▶ **Data block**:
┄┄┄┄┄┄

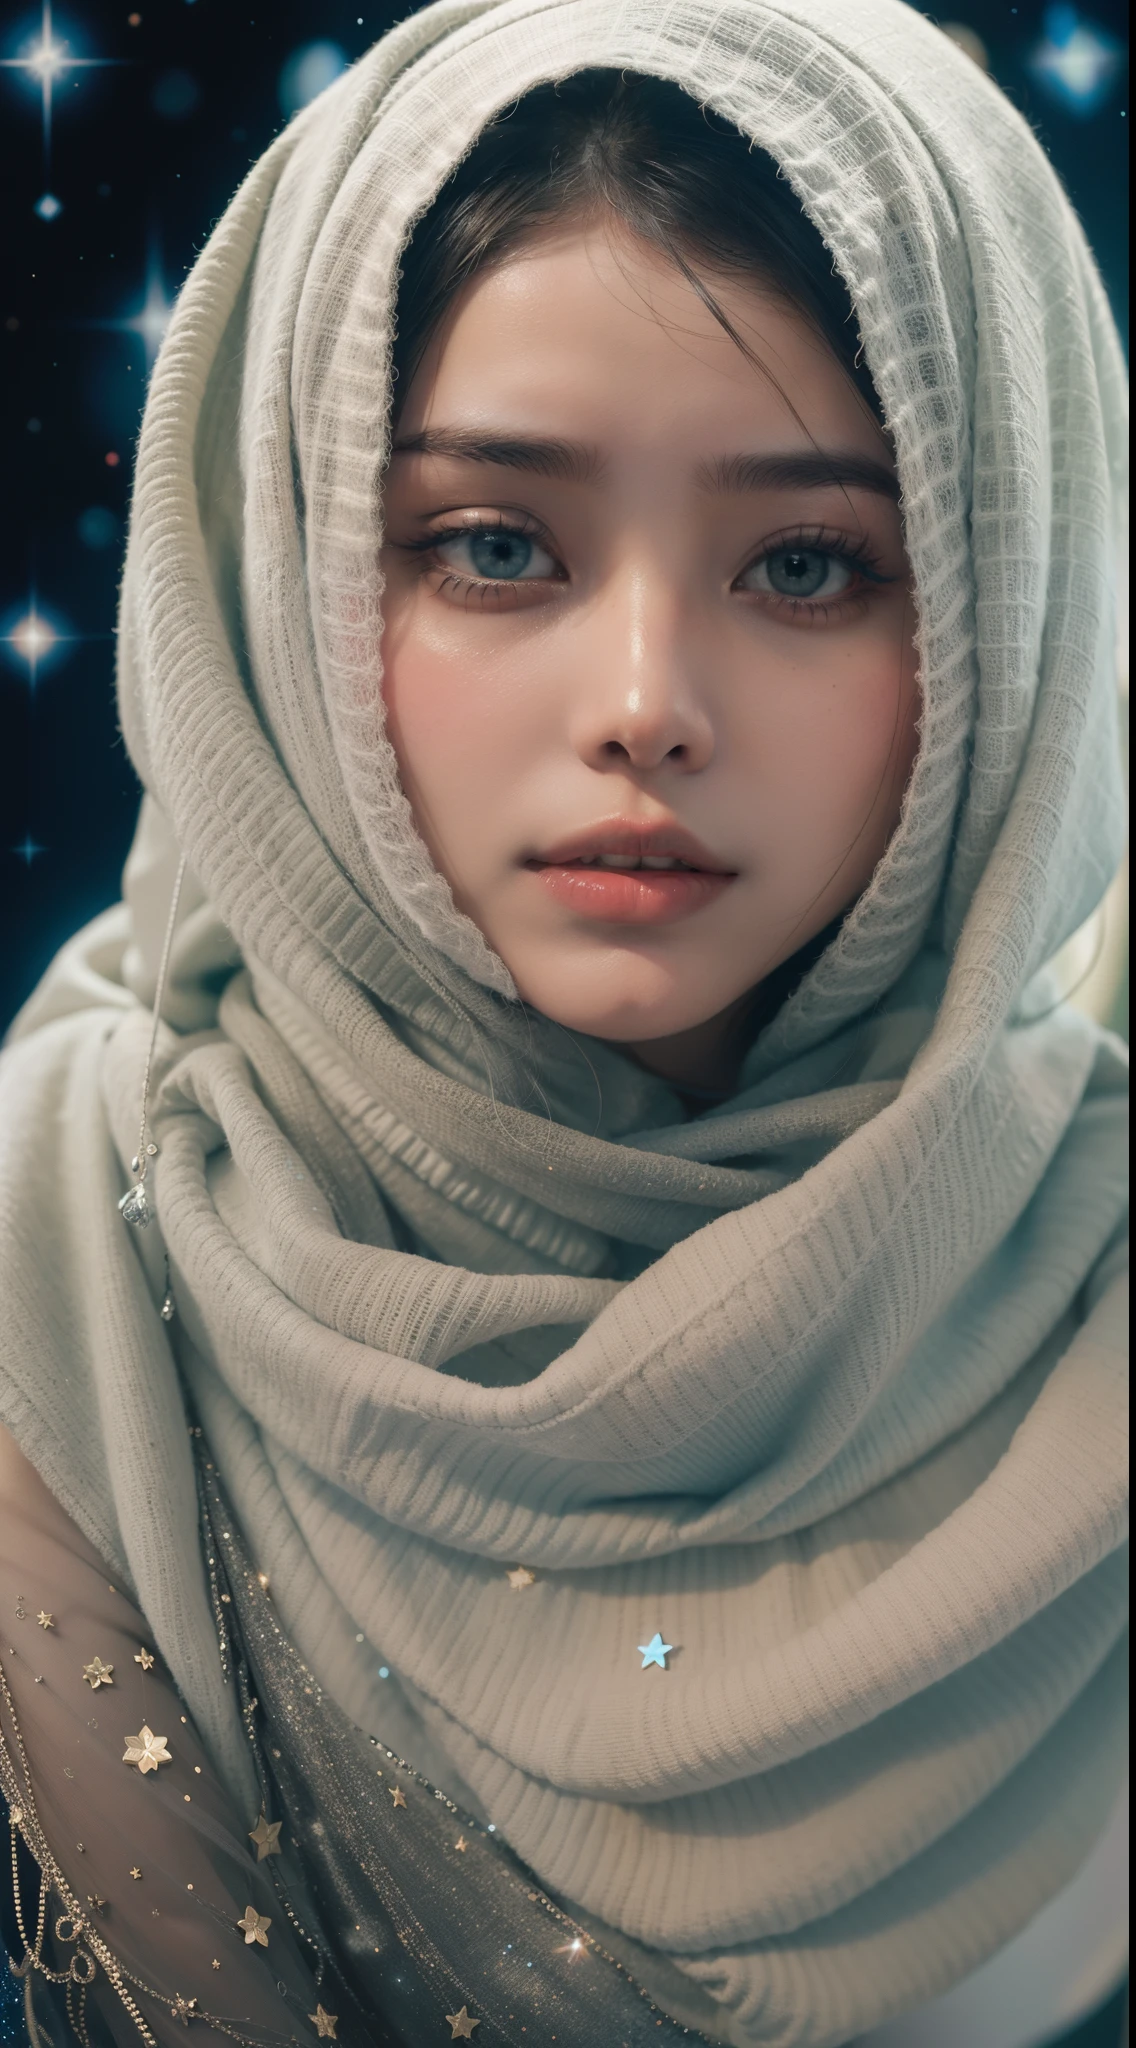 Fertigen Sie ein himmlisches Porträt von Bella Poarch an. Beleuchten Sie den Hijab mit Sternen und Galaxien, Vermischung des Irdischen mit dem Kosmischen in einer faszinierenden und ätherischen Komposition, 8mm, Nahaufnahme, kühl getönte Farbkorrektur, Tiefenschärfe, düsterer Film
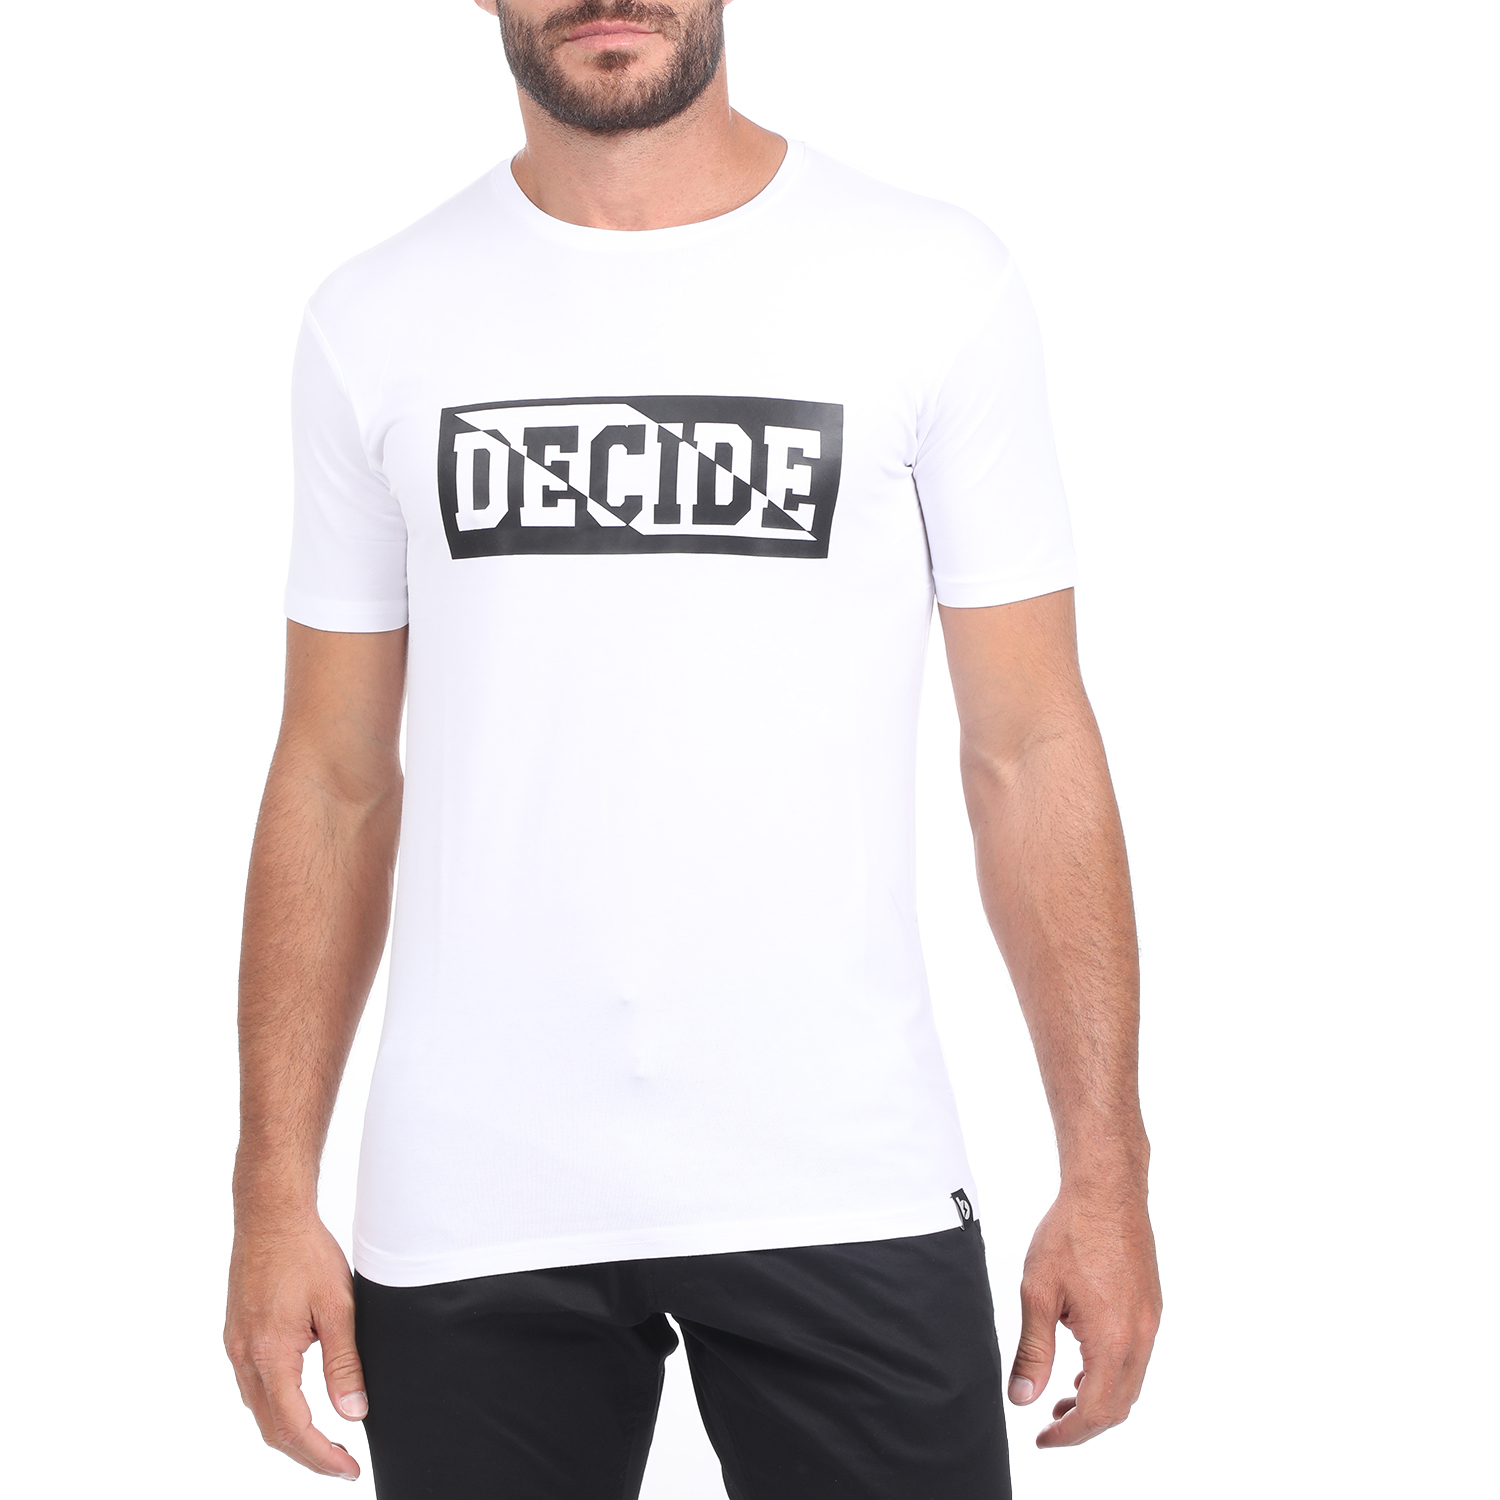 Ανδρικά/Ρούχα/Μπλούζες/Κοντομάνικες BATTERY - Ανδρικό t-shirt BATTERY MODAL λευκό
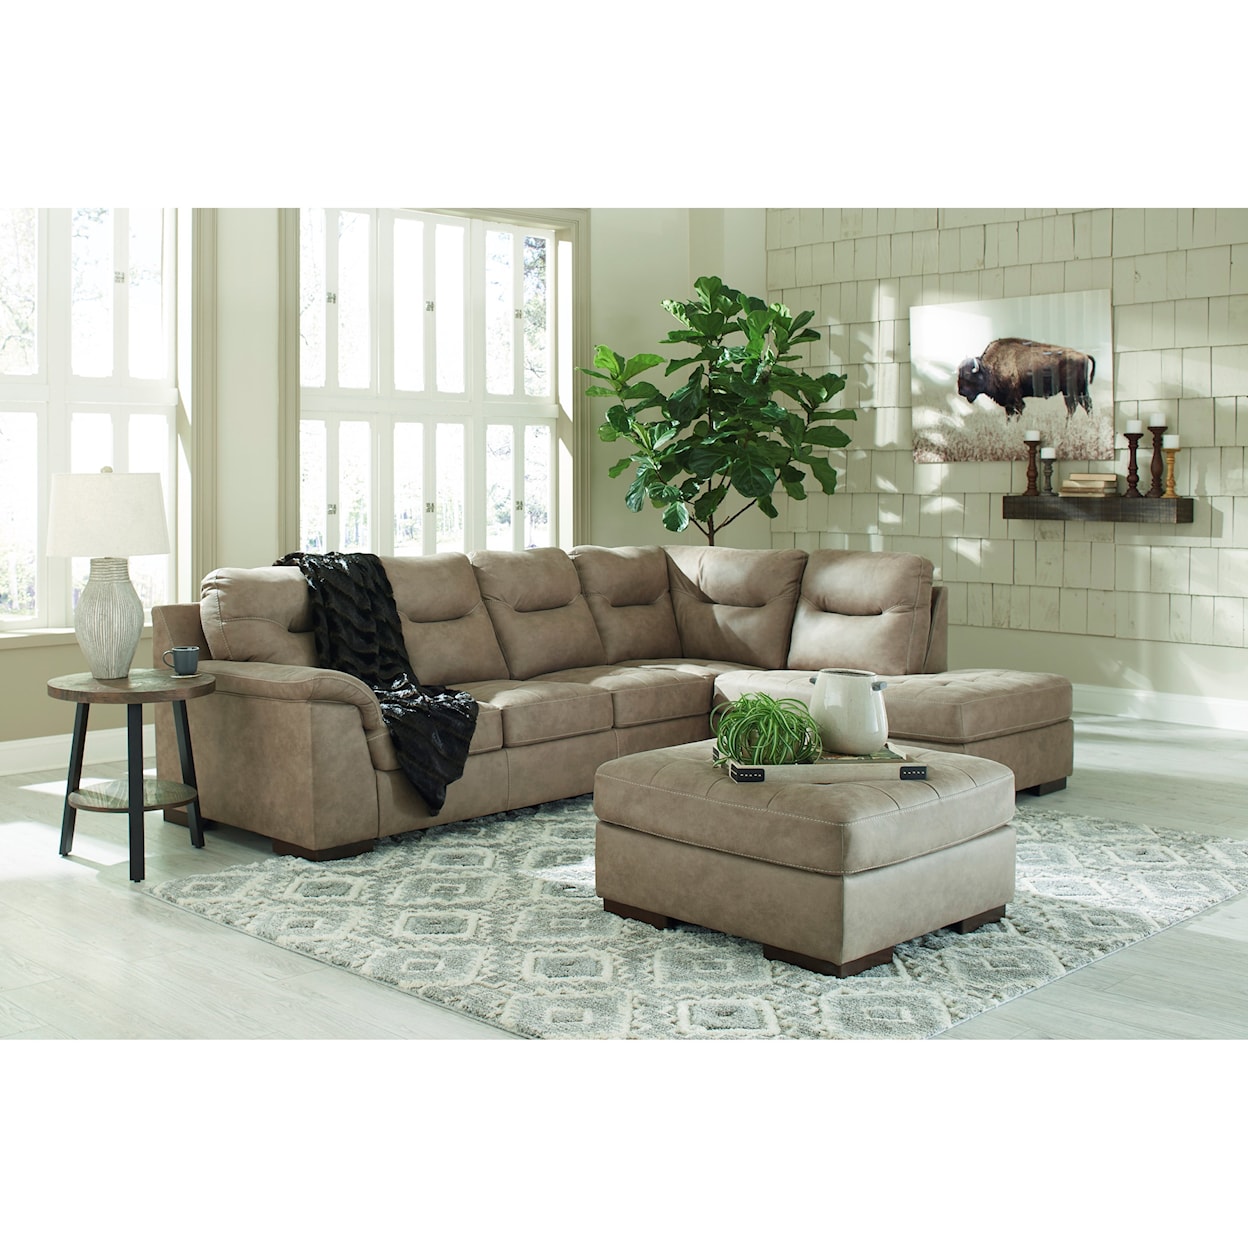 Ashley Furniture Signature Design Maderla Living Room Group

┄┄┄┄┄┄

▶ **Assignment**: With the pictures set aside, copy each line above as written.

▶ **Response**:
 Fertigen Sie ein himmlisches Porträt von Bella Poarch an. Beleuchten Sie den Hijab mit Sternen und Galaxien, Vermischung des Irdischen mit dem Kosmischen in einer faszinierenden und ätherischen Komposition, 8mm, Nahaufnahme, kühl getönte Farbkorrektur, Tiefenschärfe, düsterer Film
 Ανδρικά/Ρούχα/Μπλούζες/Κοντομάνικες BATTERY - Ανδρικό t-shirt BATTERY MODAL λευκό
 Ashley Furniture Signature Design Maderla Living Room Group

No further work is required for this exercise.